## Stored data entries
#####

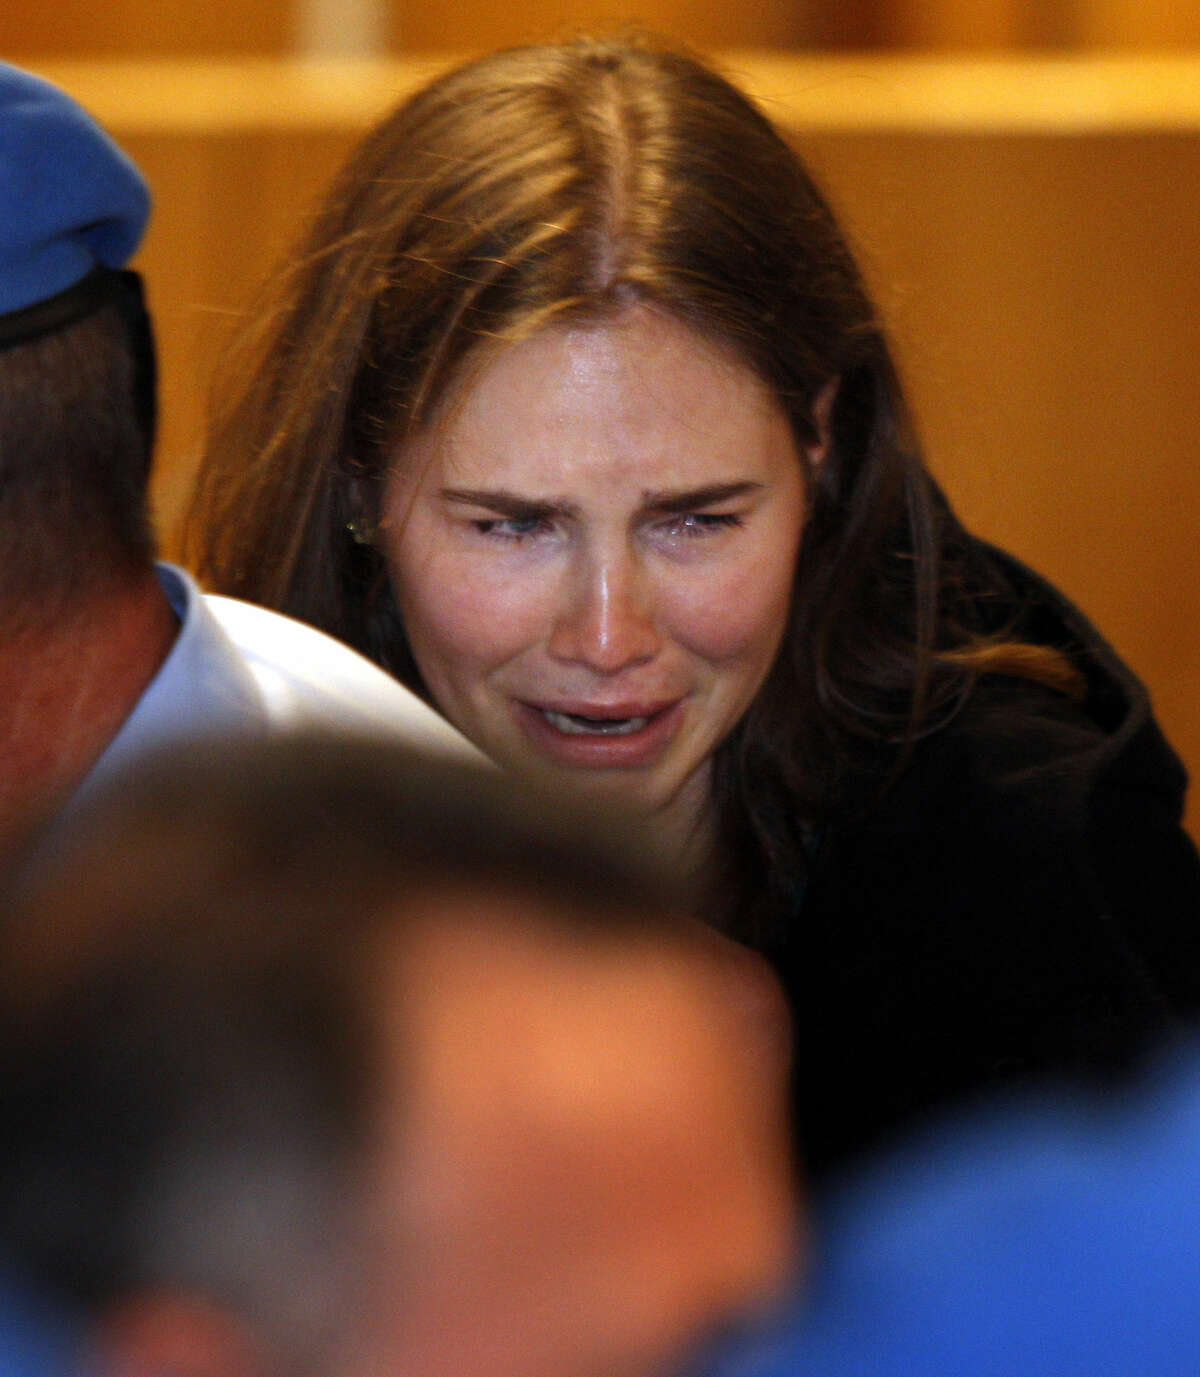 Amanda Knox breaks in tears after hearing the verdict that overturns her conviction and acquits her of murdering her British roommate Meredith Kercher, at the Perugia court, central Italy, Monday, Oct. 3, 2011. Italian appeals court threw out Amanda Knox's murder conviction Monday and ordered the young American freed after nearly four years in prison for the death of her British roommate Knox collapsed in tears after the verdict overturning her 2009 conviction was read out. Her co-defendant, Italian Raffaele Sollecito, also was cleared of killing 21-year-old Meredith Kercher in 2007. (AP Photo/Pier Paolo Cito)
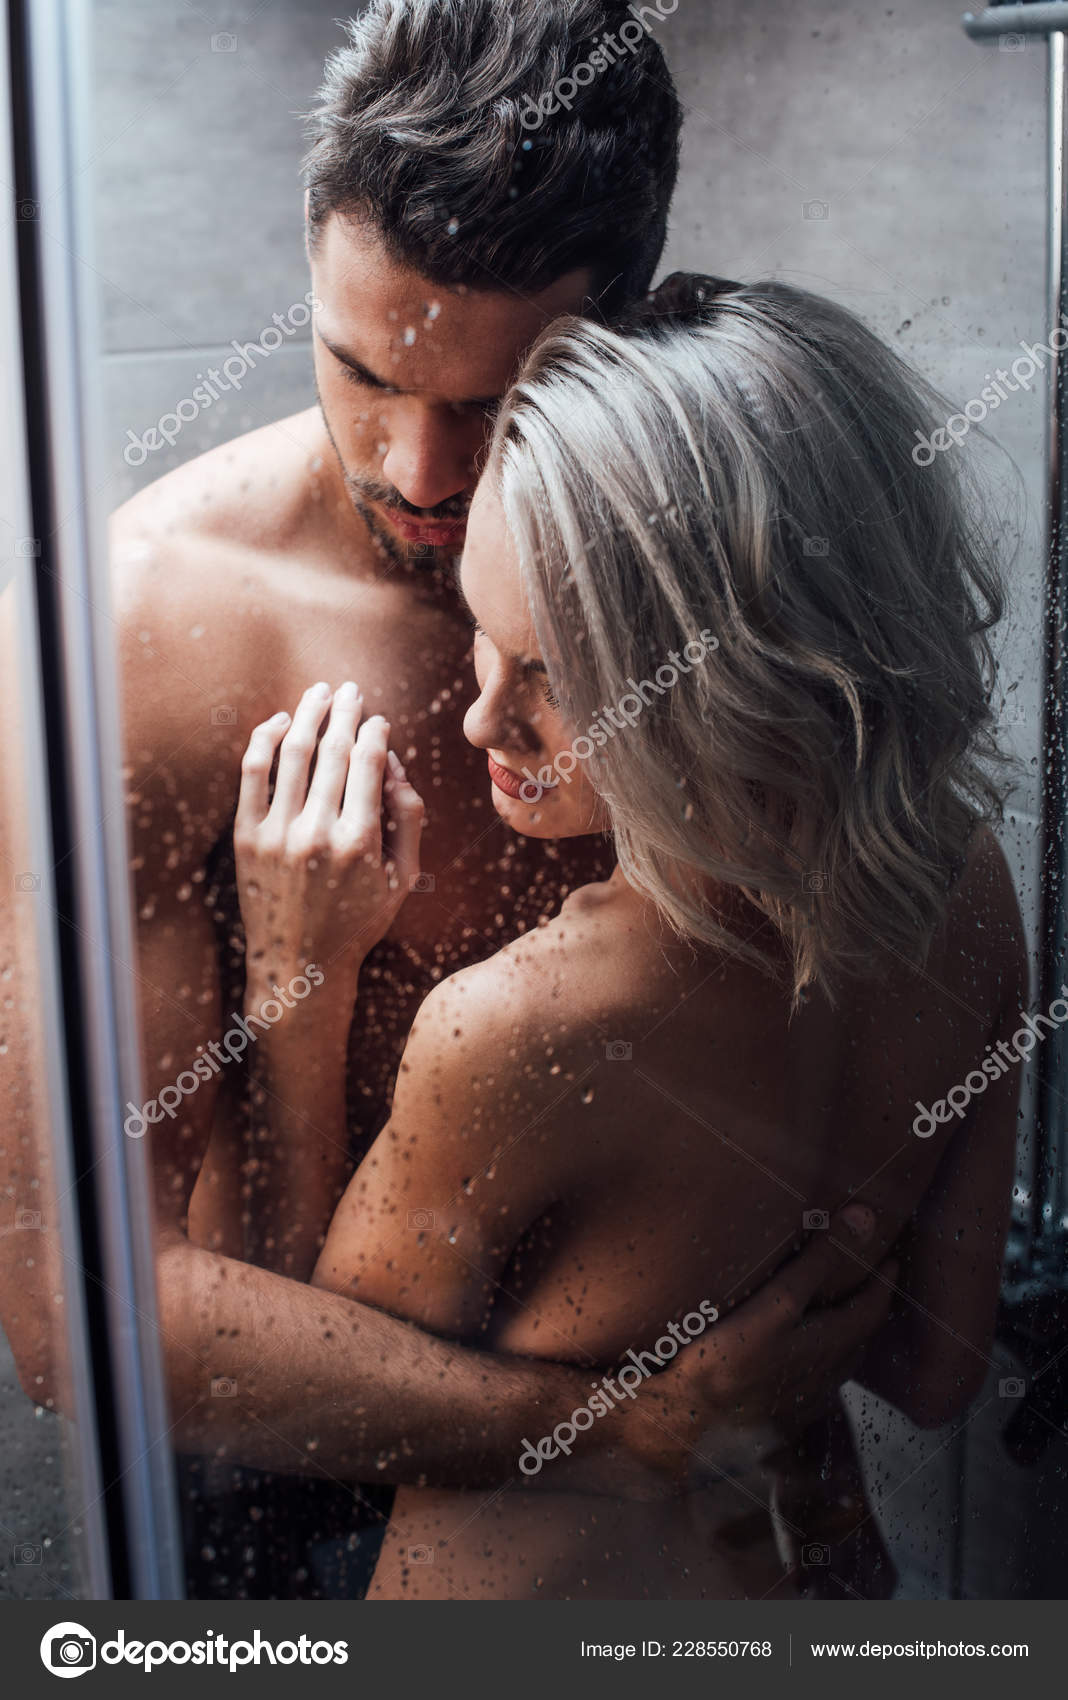 Naked Couple In Shower smoking crack
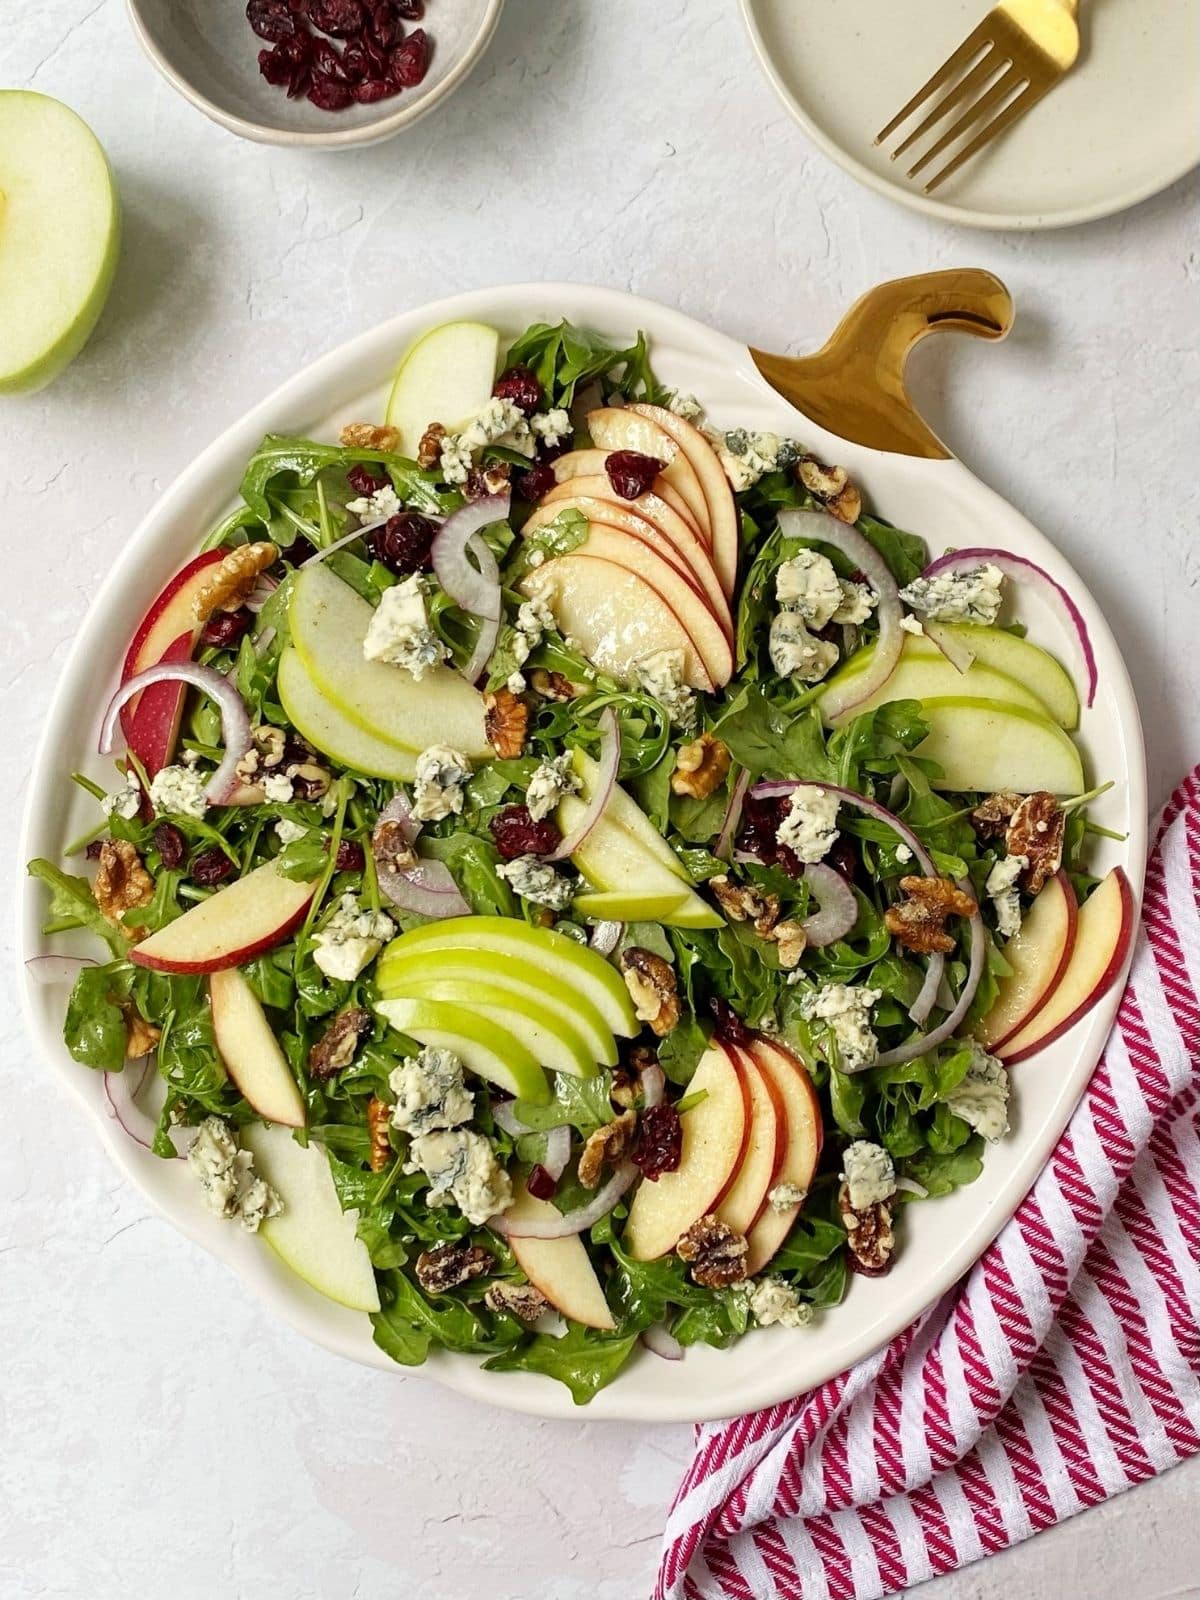 Blue Cheese Salad with Apples, Walnuts and Arugula
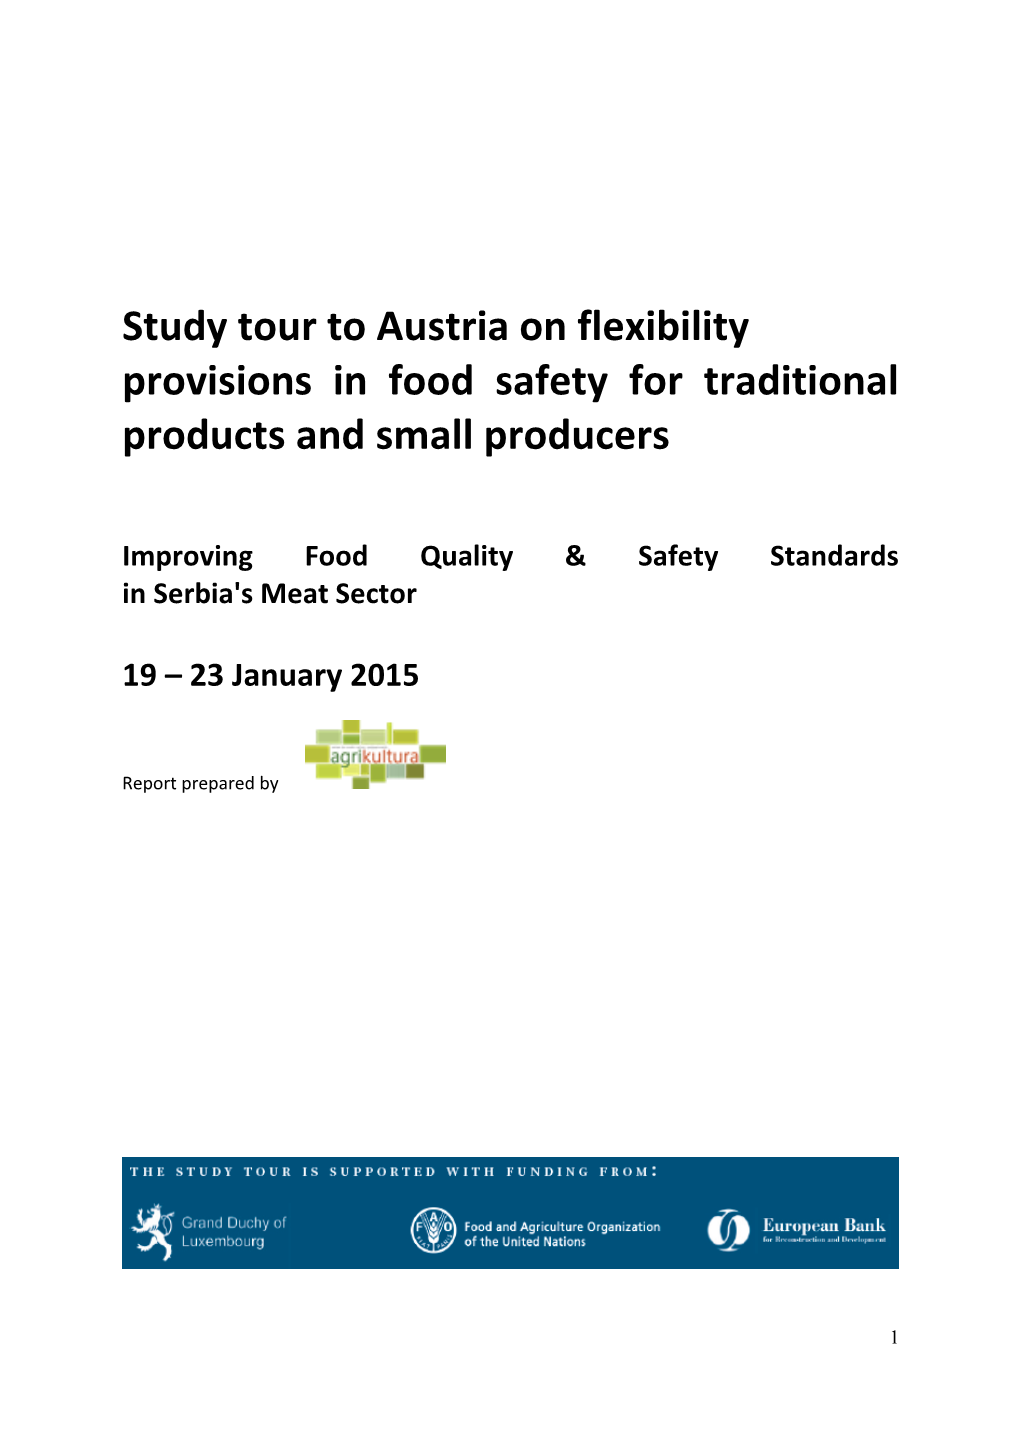 Study Tour to Austria on Flexibility Provisions in Food Safety for Traditional Products and Small Producers
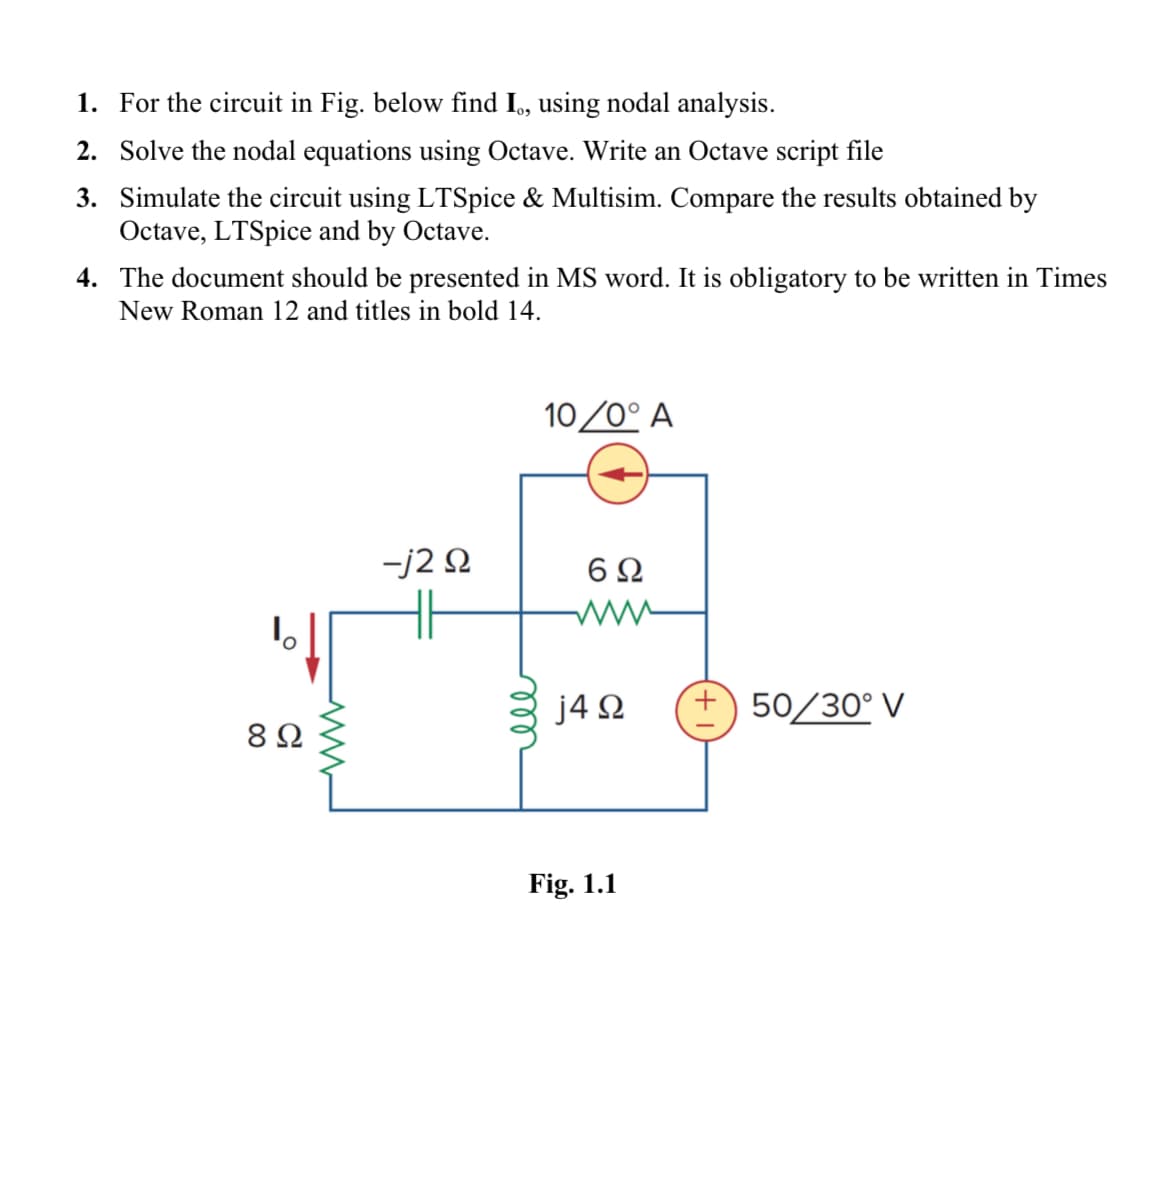 1. For the circuit in Fig. below find I, using nodal analysis.
2. Solve the nodal equations using Octave. Write an Octave script file
3. Simulate the circuit using LTSpice & Multisim. Compare the results obtained by
Octave, LTSpice and by Octave.
4. The document should be presented in MS word. It is obligatory to be written in Times
New Roman 12 and titles in bold 14.
1。
8 Ω
-j2 9
10/0° A
6Ω
j4Ω
Fig. 1.1
+ 50/30° V

#####

## What is needed
Output all the records above exactly, but without their images.

## Solution to the problem
 Amanda Knox breaks in tears after hearing the verdict that overturns her conviction and acquits her of murdering her British roommate Meredith Kercher, at the Perugia court, central Italy, Monday, Oct. 3, 2011. Italian appeals court threw out Amanda Knox's murder conviction Monday and ordered the young American freed after nearly four years in prison for the death of her British roommate Knox collapsed in tears after the verdict overturning her 2009 conviction was read out. Her co-defendant, Italian Raffaele Sollecito, also was cleared of killing 21-year-old Meredith Kercher in 2007. (AP Photo/Pier Paolo Cito)
 Naked Couple In Shower smoking crack
 Blue Cheese Salad with Apples, Walnuts and Arugula
 Study Tour to Austria on Flexibility Provisions in Food Safety for Traditional Products and Small Producers
 1. For the circuit in Fig. below find I, using nodal analysis.
2. Solve the nodal equations using Octave. Write an Octave script file
3. Simulate the circuit using LTSpice & Multisim. Compare the results obtained by
Octave, LTSpice and by Octave.
4. The document should be presented in MS word. It is obligatory to be written in Times
New Roman 12 and titles in bold 14.
1。
8 Ω
-j2 9
10/0° A
6Ω
j4Ω
Fig. 1.1
+ 50/30° V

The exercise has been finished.